▶ _Work to complete_: In the listing below, locate the line with "Close-up of sea" and the line with "Chemistry Behind Bath", then output both and everything between them exactly, minus any pictures.

▶ _Data shown_:
━━━━━━━━━━━━━━━━━━━━

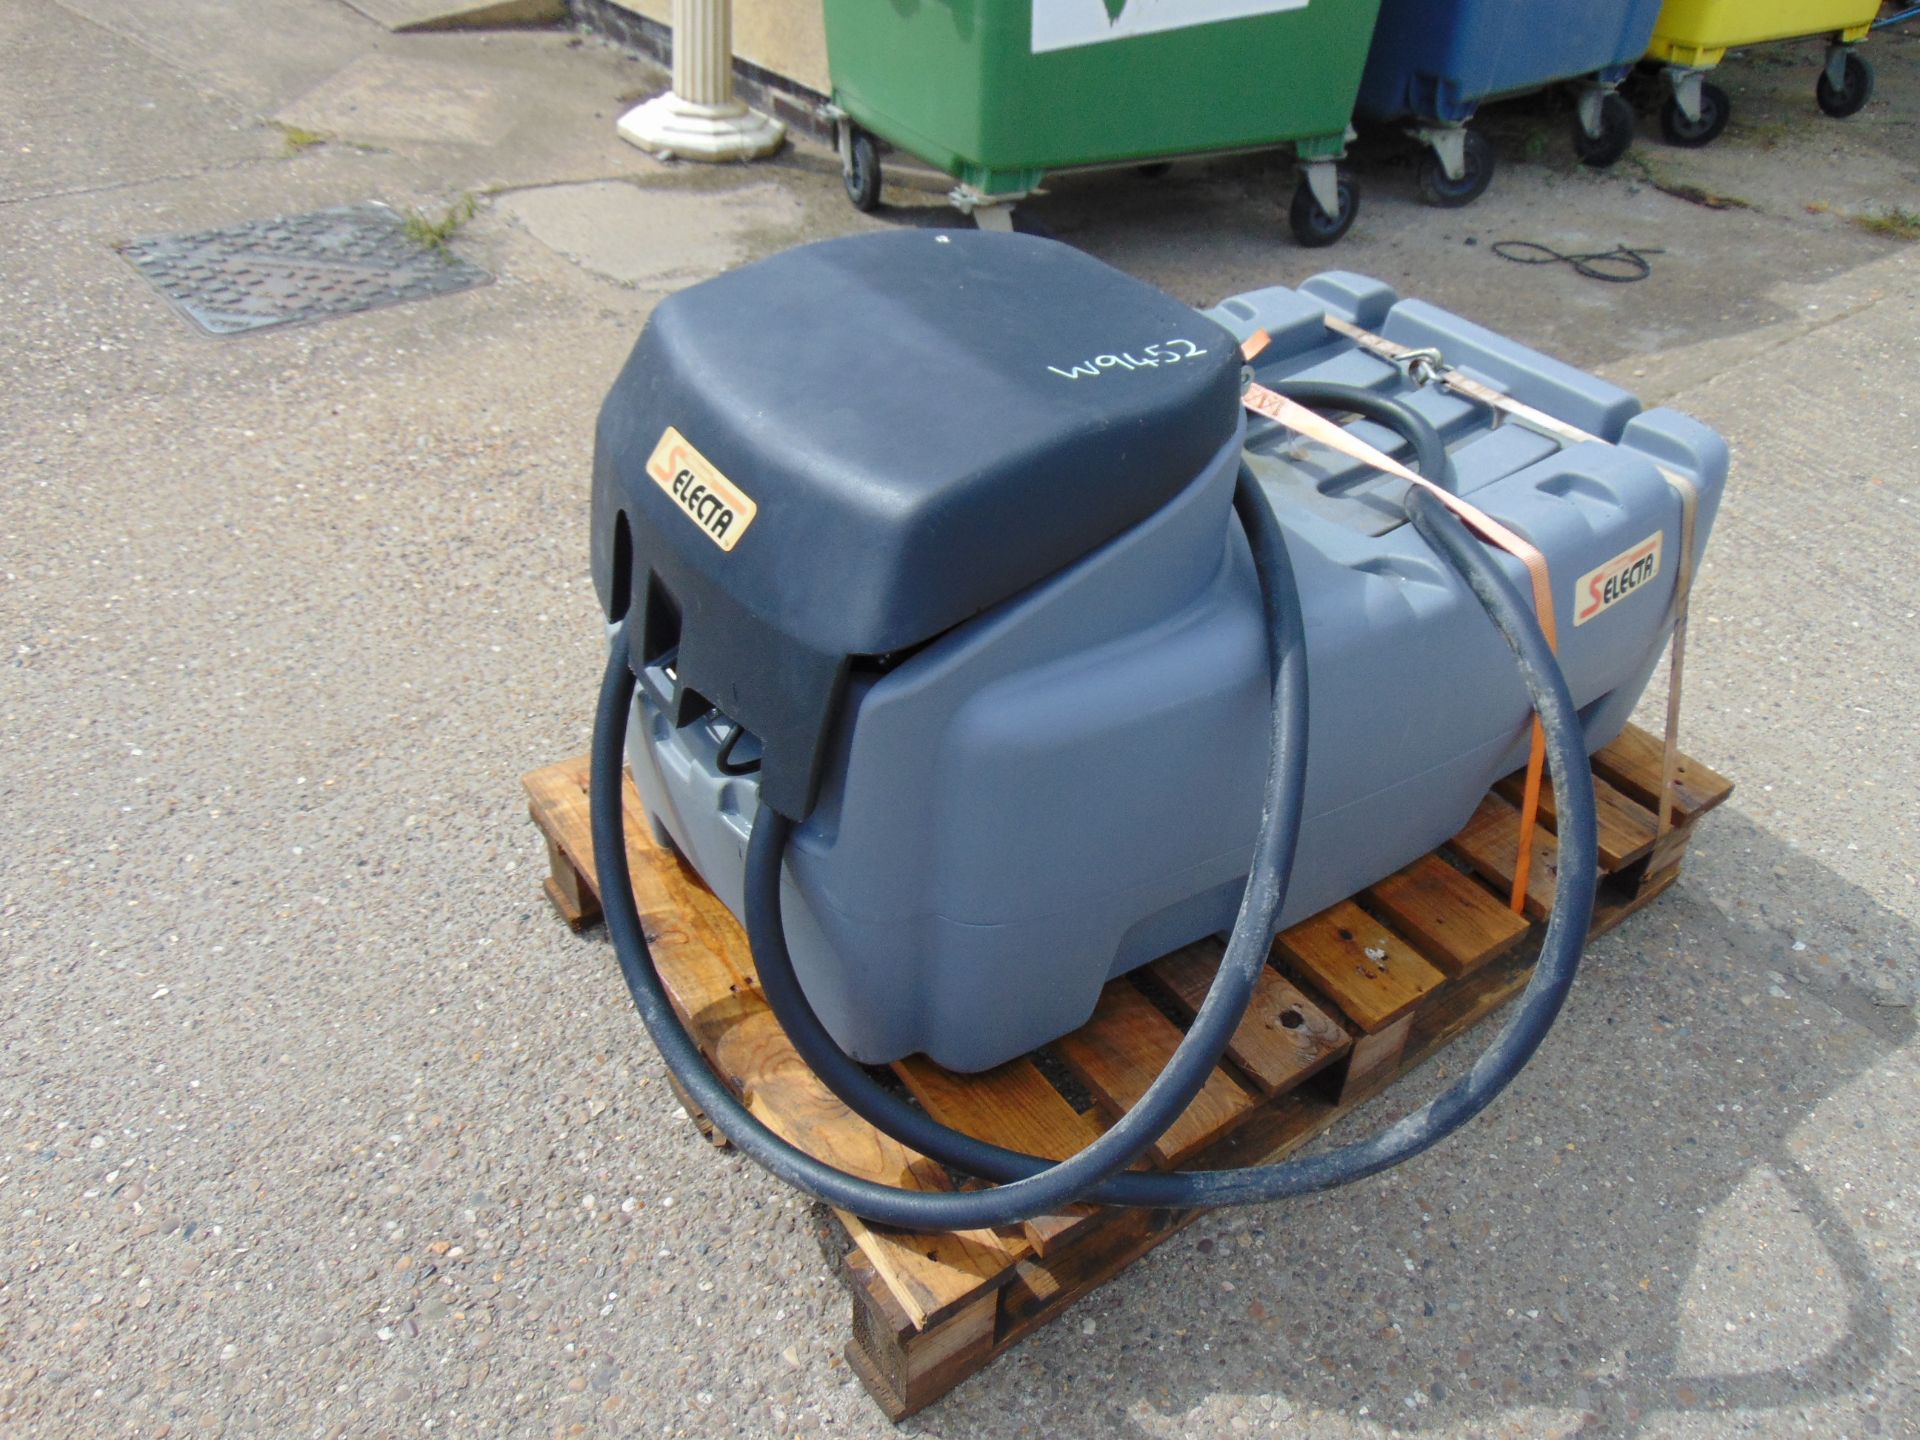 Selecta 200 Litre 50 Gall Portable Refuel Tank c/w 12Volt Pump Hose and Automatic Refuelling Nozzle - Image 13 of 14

━━━━━━━━━━━━━━━━━━━━

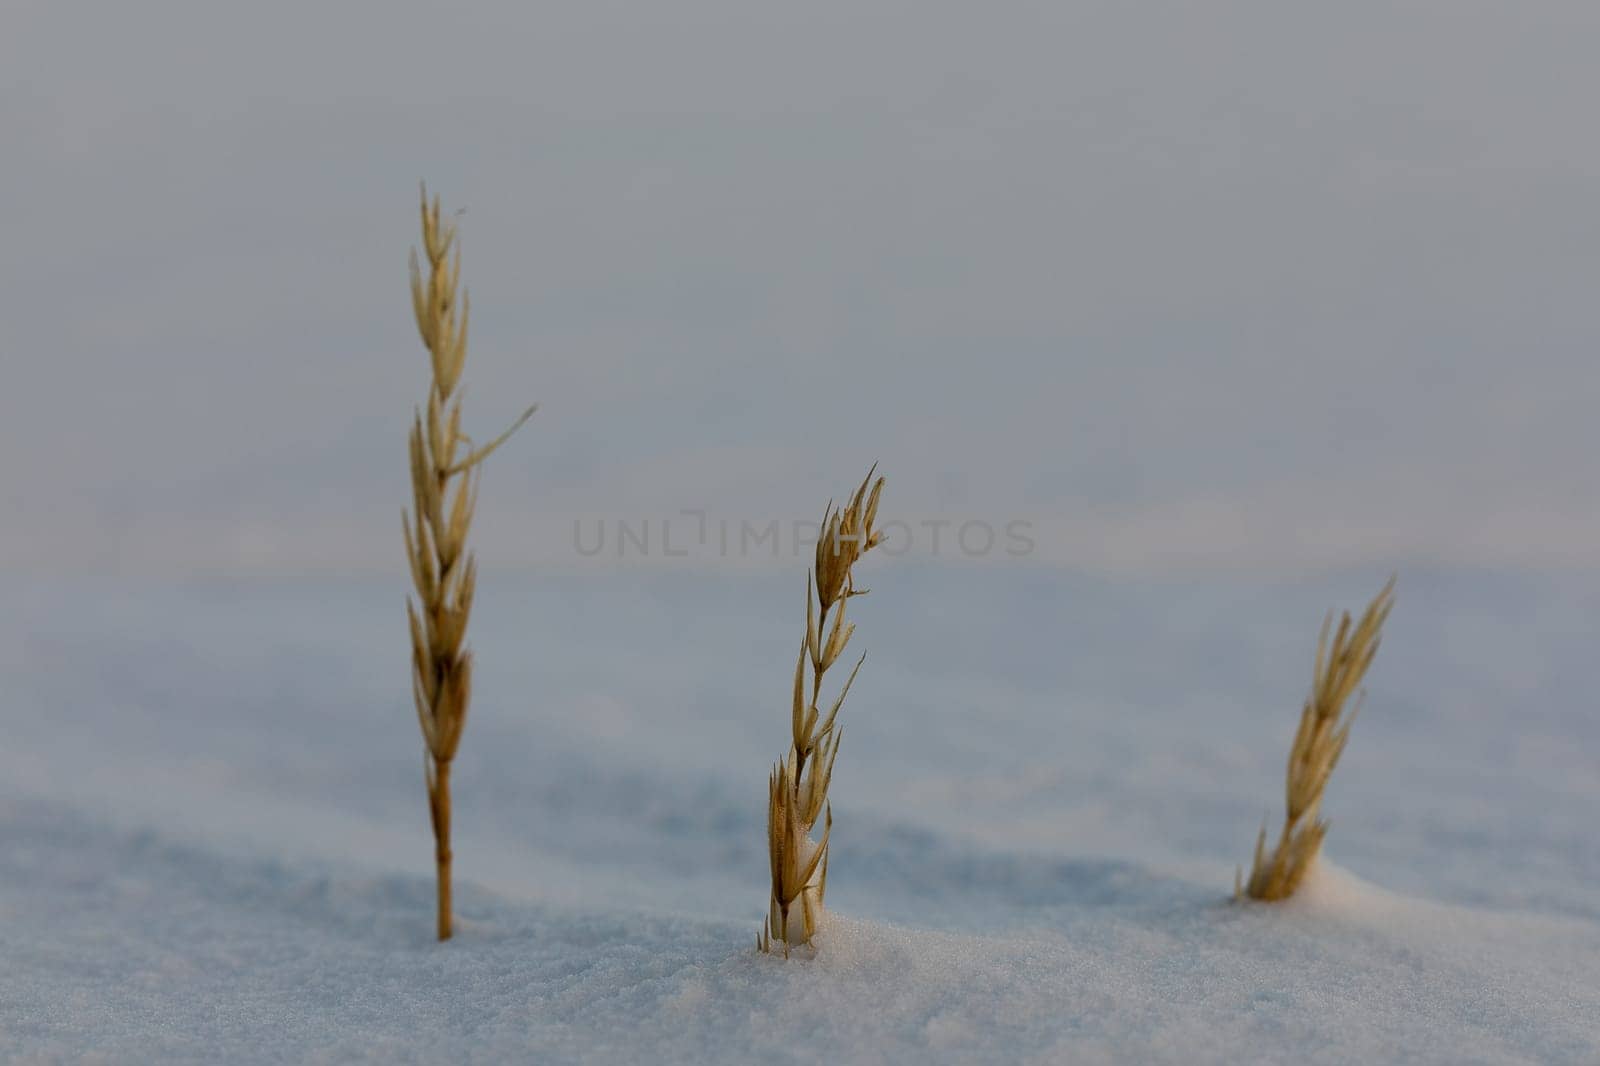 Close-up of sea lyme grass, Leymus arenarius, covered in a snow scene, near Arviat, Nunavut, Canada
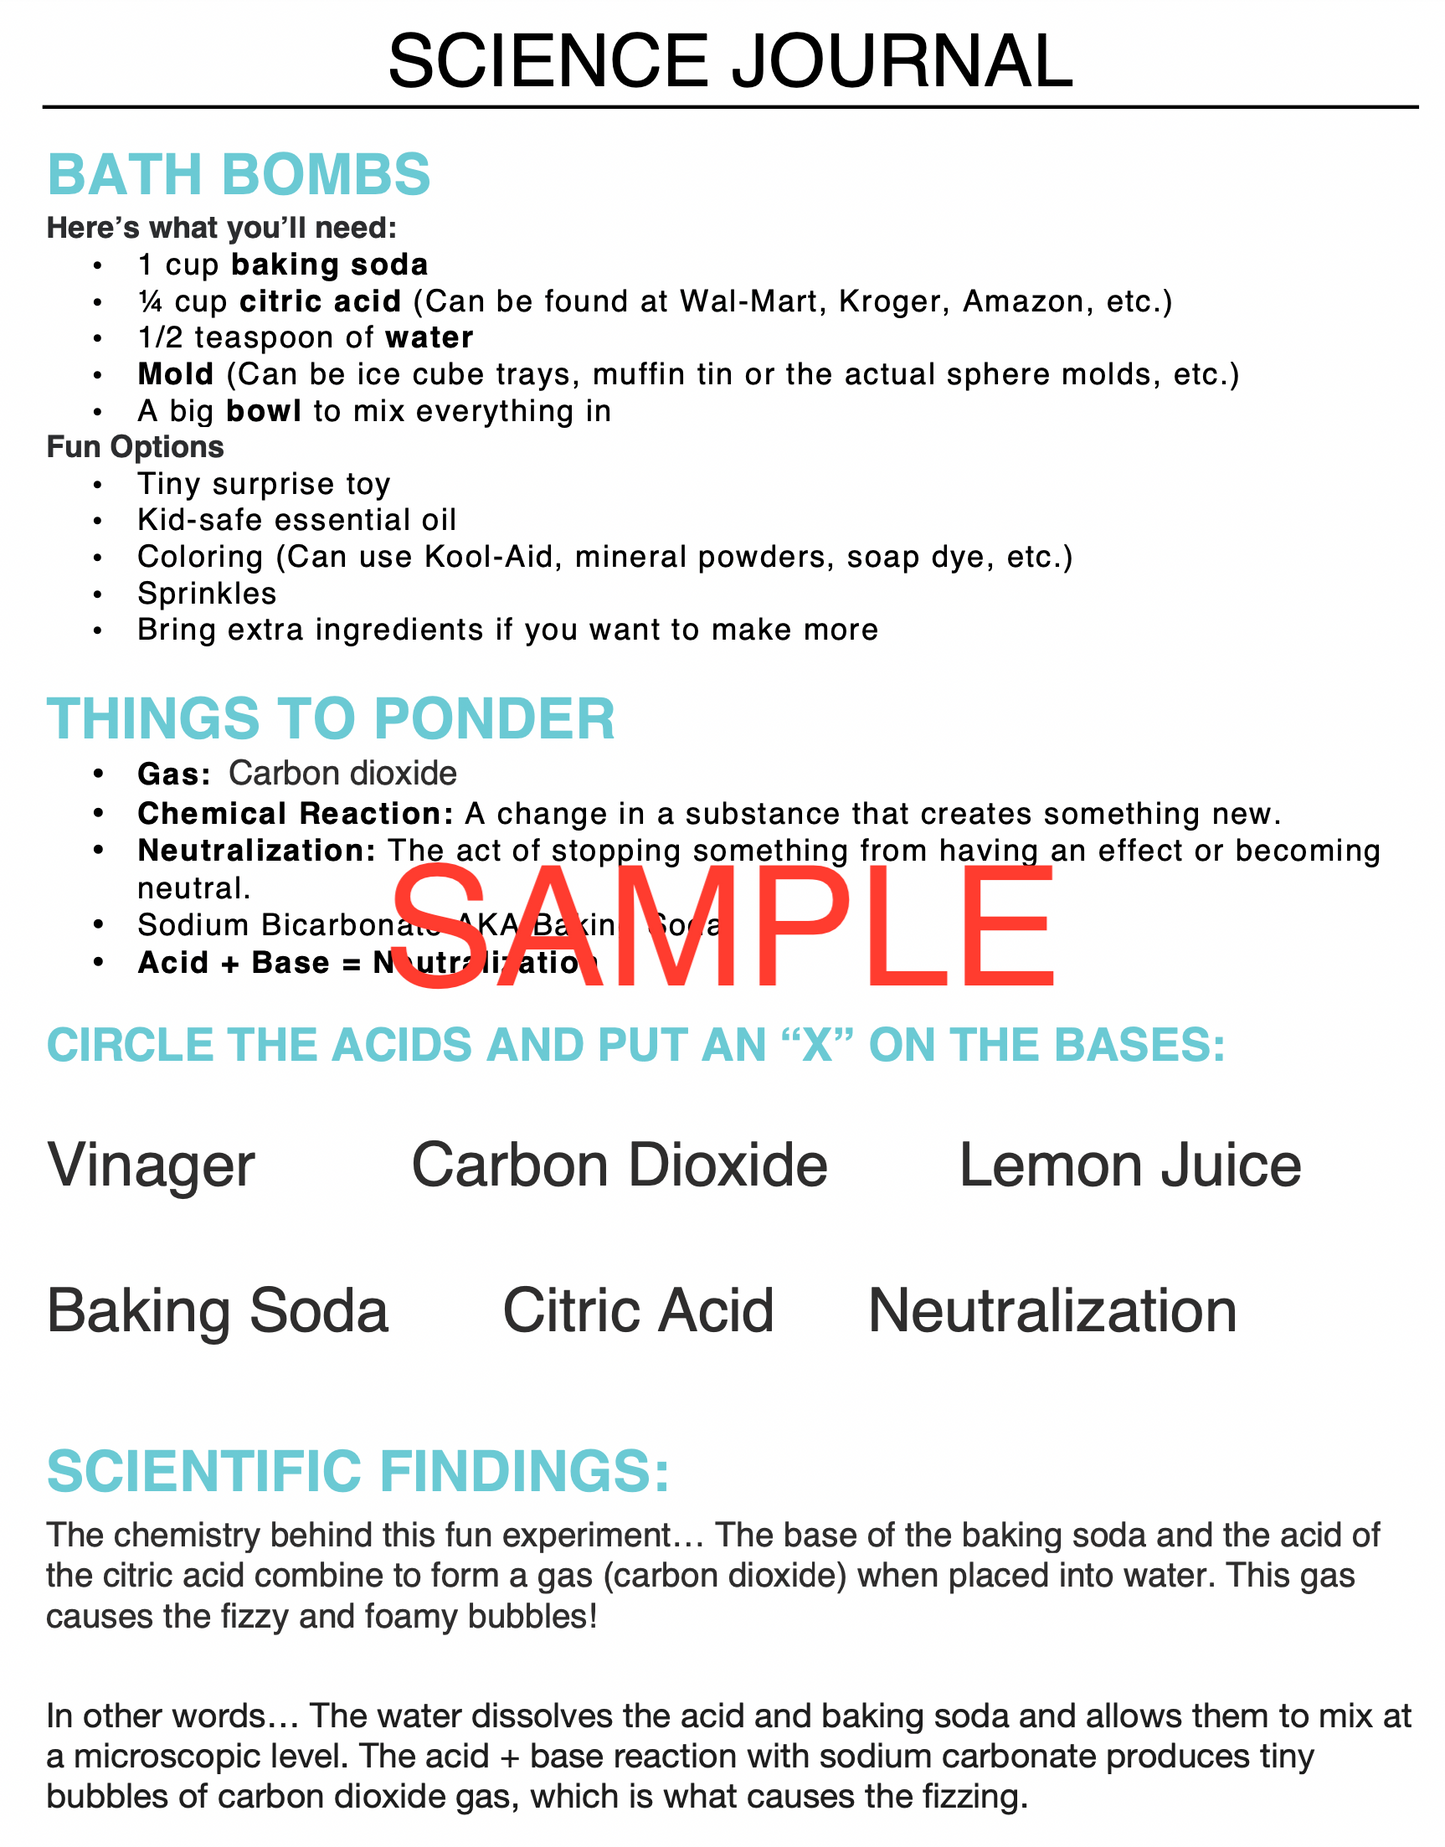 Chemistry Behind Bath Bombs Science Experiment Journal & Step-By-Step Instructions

━━━━━━━━━━━━━━━━━━━━

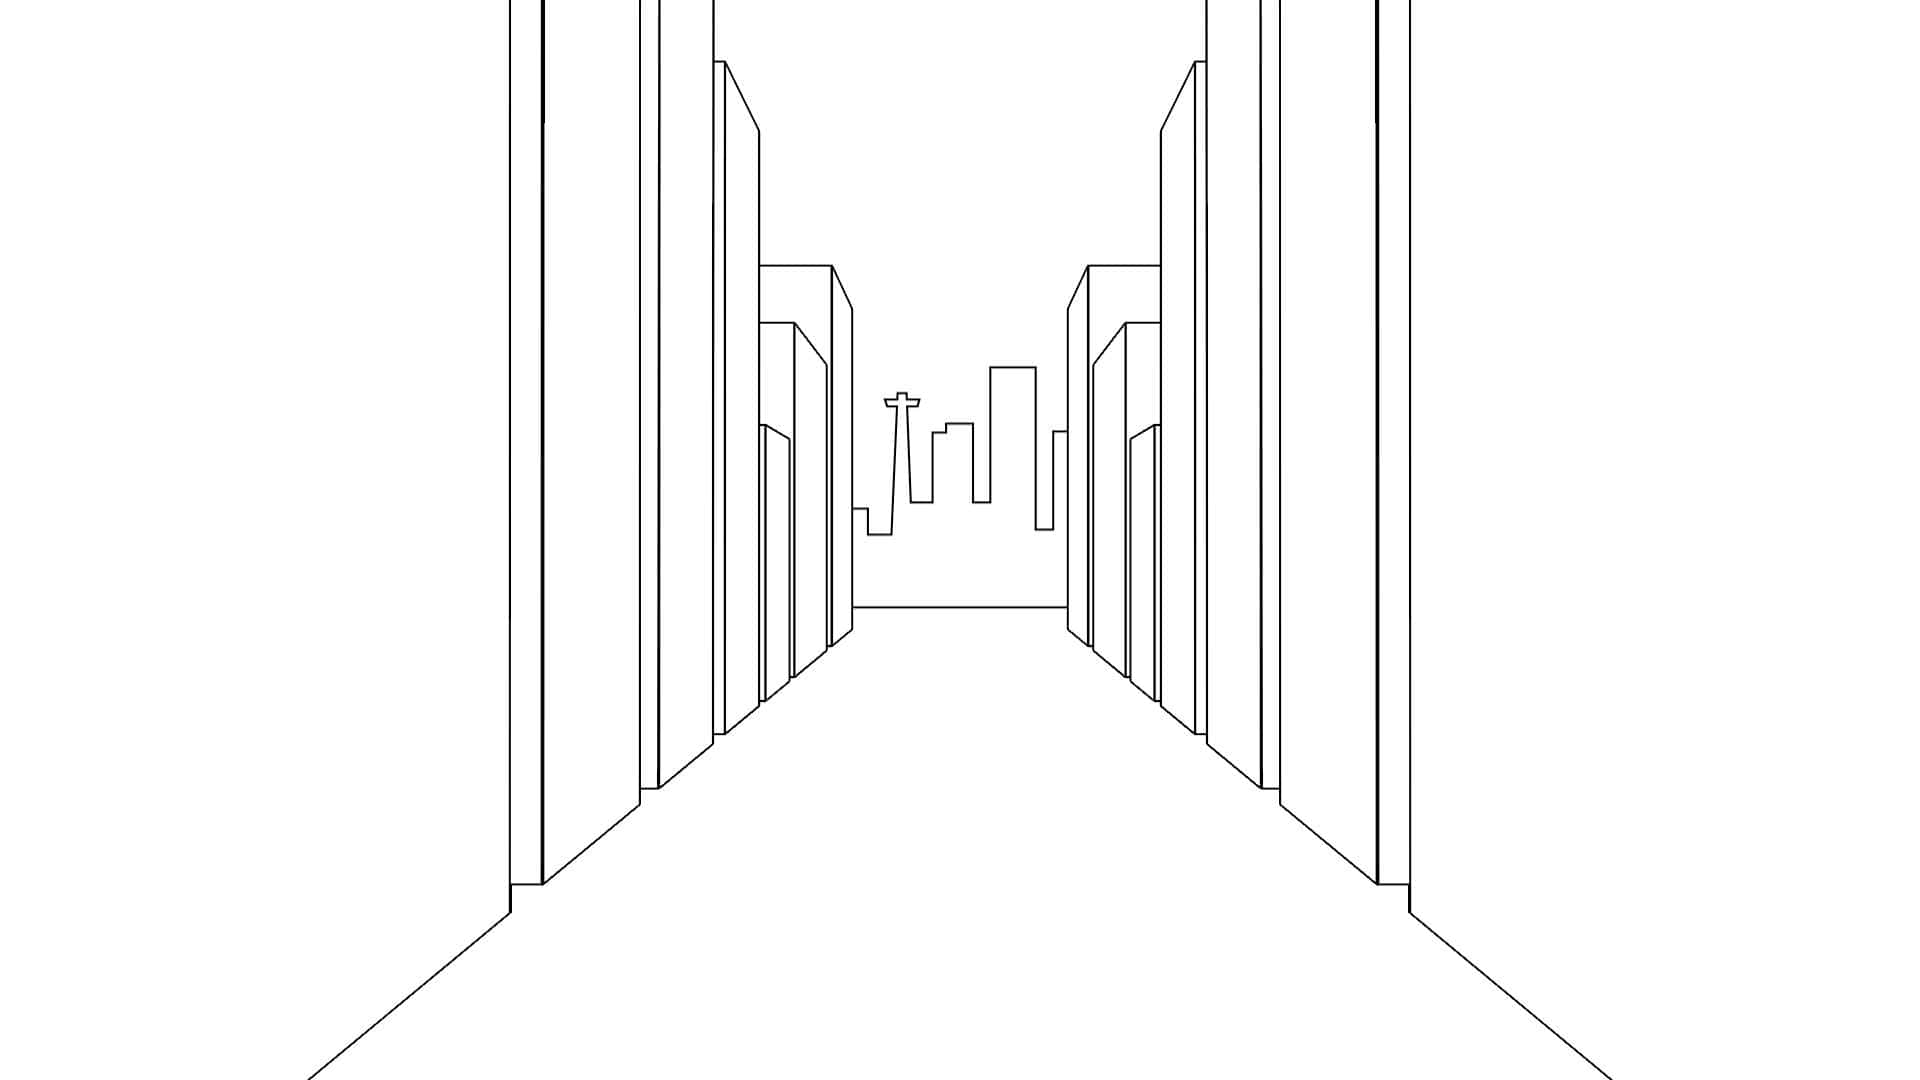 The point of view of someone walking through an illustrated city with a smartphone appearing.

━━━━━━━━━━━━━━━━━━━━

▶ _Solution to this task_:
 Close-up of sea lyme grass, Leymus arenarius, covered in a snow scene, near Arviat, Nunavut, Canada
 Chemistry Behind Bath Bombs Science Experiment Journal & Step-By-Step Instructions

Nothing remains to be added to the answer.